PEMERINTAH Provinsi Jawa Barat diminta lebih hati-hati dalam menerapkan kebijakan soal Gerakan Rereongan Sapoe Sarebu (Poe Ibu). Kebijakan itu diluncurkan Gubernur Jawa Barat Dedi Mulyadi melalui Surat Edaran (SE) Nomor 147/PMD.03.04/KESRA. Dedi Mulyadi menandatangani surat itu pada 1 Oktober 2025.
Pengamat Kebijakan Publik Universitas Padjadjaran Asep Sumaryana mengatakan gerakan Poe Ibu itu justru bisa memberikan celah terhadap tindakan korupsi jika tidak dikelola dengan baik. Menurut dia, nominal uang Rp 1.000 memang tampak kecil, tapi jika dikalikan dengan jumlah warga Jawa Barat yang mencapai 50 juta jiwa, menjadi fantastis nilainya. Melalui gerakan itu, bisa terkumpul dana sekitar Rp 50 miliar per hari.
Scroll ke bawah untuk melanjutkan membaca
"Yang dihawatirkan oleh banyak pihak (bisa jadi ladang korupsi). Jangan sampai donasi ini memberi celah bagi korupsi baru," kata Asep kepada Tempo, Senin, 6 Oktober 2025.
Asep menilai kepercayaan publik terhadap dana-dana patungan seperti itu sedang merosot. Menurut dia, masyarakat kini berada pada fase trauma karena banyaknya kasus korupsi yang terjadi akhir-akhir ini. Alhasil, kata dia, perlu dicermati lebih dalam terkait kebijakan itu dari mulai regulasi hingga pelaksanaan teknisnya.
"Kalau kita lihat juga saat ini masyarakat kita sedang trauma dengan tindak pidana korupsi. Dana bantuan dikorupsi, dana haji tidak jelas, banyak dana yang kemudian menguap tidak jelas," katanya.
Dedi Mulyadi mengklaim Gerakan Rereongan Poe Ibu itu merupakan gerakan partisipatif berbasis gotong royong yang mengedepankan kearifan lokal "silih asah, silih asih, silih asuh."

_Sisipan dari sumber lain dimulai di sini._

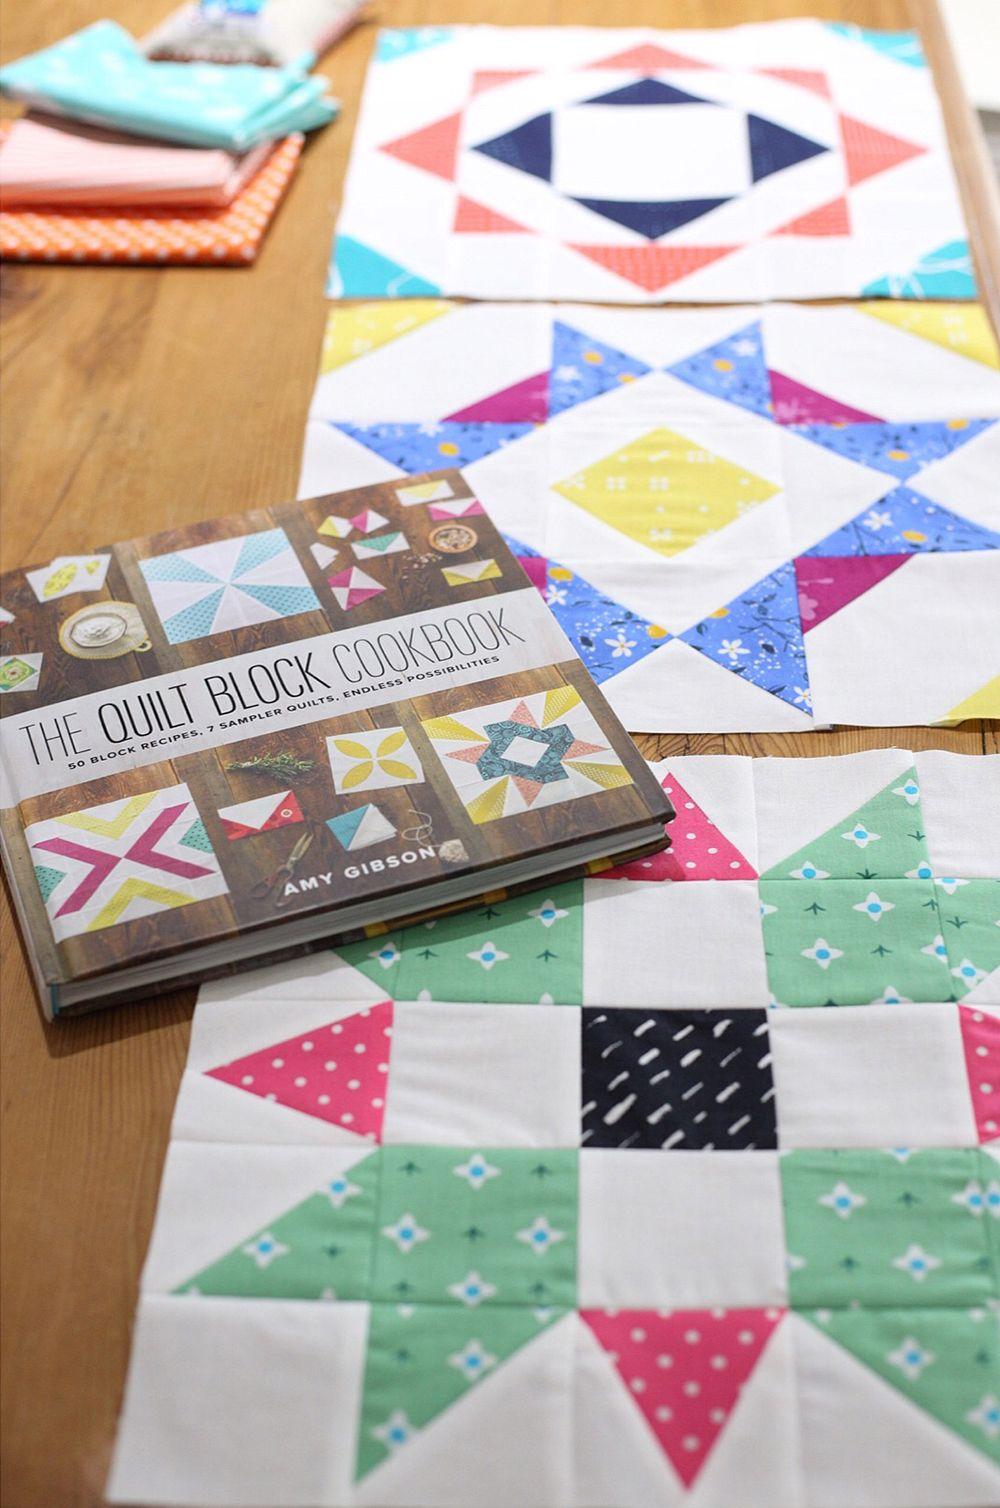 The Quilt Block Cookbook by Amy Gibson : Fresh Lemons Quilts ... : the quilt sampler - Adamdwight.com

SE Gerakan Poe Ibu itu ditujukan kepada Bupati juga Wali Kota se-Jawa Barat, Kepala Perangkat Daerah di lingkungan Pemprov Jawa Barat, juga Kantor Wilayah Kementerian Agama Jawa Barat. Dedi mengajak aparatur sipil negara (ASN), pelajar, juga warga Jawa Barat meningkatkan kesetiakawanan sosial juga memperkuat pemenuhan hak dasar di bidang Pendidikan dan kesehatan.
Menurut dia, Rereongan Poe Ibu menjadi semacam wadah donasi publik resmi yang mampu menjawab kebutuhan masyarakat yang bersifat darurat dan mendesak di bidang pendidikan dan kesehatan dengan skala terbatas.
"Melalui Gerakan Rereongan Poe Ibu, kami mengajak ASN, pelajar, dan masyarakat menyisihkan Rp1.000 per hari. Kontribusi sederhana ini menjadi wujud solidaritas dan kesukarelawanan sosial, demi membantu kebutuhan darurat masyarakat," kata Dedi Mulyadi dalam keterangan tertulis yang diakses dari laman resmi Pemprov Jawa Barat, Ahad, 5 Oktober 2025.
Dedi mengatakan uang hasil donasi yang terkumpul akan dimasukkan ke dalam rekening khusus Bank BJB dengan format nama rekening Rereongan Poe Ibu. "Pengumpulan, pengelolaan, penyaluran, pencatatan, dan pelaporan dana dilakukan oleh pengelola setempat yang bertanggung jawab penuh terhadap akuntabilitasnya," katanya.
Mengenai transparansi penggunaan dana donasi, kata dia, laporan penggunaan dana akan disampaikan kepada publik melalui aplikasi Sapawarga dan Portal Layanan Publik Pemprov Jawa Barat. Selain itu, laporan penggunaan dana juga akan diumumkan di akun media sosial masing-masing Lembaga dengan mencantumkan tagar RereonganPoeIbu.
"Di sekolah, pengawasan dilakukan oleh kepala sekolah dengan koordinasi Dinas Pendidikan dan Kantor Kementerian Agama," katanya. "Sedangkan di lingkungan atau RT/RW, dilaksanakan oleh Kepala Desa/Lurah, serta koordinasi keseluruhannya dilaksanakan oleh Camat."